ECLI:NL:CRVB:2007:BA5121
Centrale Raad van Beroep
- Hoger beroep
- Rechtspraak.nl
Terugvordering bijstandsuitkering en afwijzing kwijtschelding restschuld
In deze zaak gaat het om een hoger beroep van appellant tegen de uitspraak van de rechtbank Utrecht, waarin het verzoek om kwijtschelding van een restantvordering van € 3.175,59 door het College van burgemeester en wethouders van de gemeente Utrecht is afgewezen. Appellant had in totaal een bedrag van € 8.289,76 aan bijstandsuitkering onterecht ontvangen, wat leidde tot de terugvordering door de gemeente. De rechtbank verklaarde het beroep tegen de afwijzing van het kwijtscheldingsverzoek ongegrond, waarna appellant in hoger beroep ging.
De Centrale Raad van Beroep heeft vastgesteld dat appellant sinds oktober 2000 onafgebroken aflost op de schuld, maar niet voldeed aan de voorwaarde van een onafgebroken aflossingsperiode van 60 maanden, zoals vereist door het gemeentelijk beleid. Het College had het verzoek om kwijtschelding afgewezen op basis van dit beleid, dat sinds 1 oktober 2001 van kracht is.
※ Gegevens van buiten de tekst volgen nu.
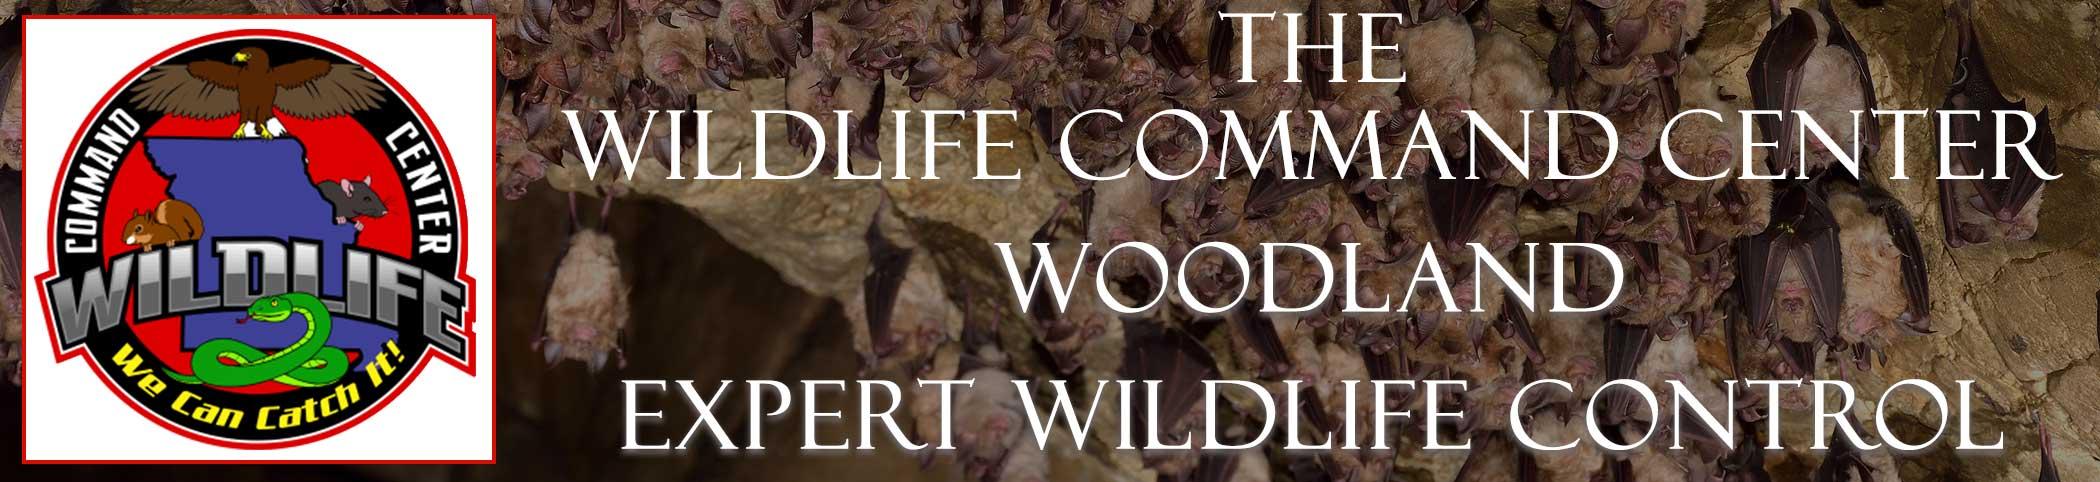 woodland-wildlife-command-center

Appellant voerde aan dat het beleid in strijd was met het gelijkheidsbeginsel en dat zijn persoonlijke omstandigheden aanleiding moesten geven tot afwijking van het beleid.
De Raad oordeelde dat het College zijn beleidsvrijheid correct had ingevuld en dat het beleid niet in strijd was met het gelijkheidsbeginsel of het verbod van willekeur. De Raad bevestigde de uitspraak van de rechtbank en oordeelde dat het hoger beroep van appellant niet slaagde. De Raad zag geen aanleiding voor een veroordeling in de proceskosten.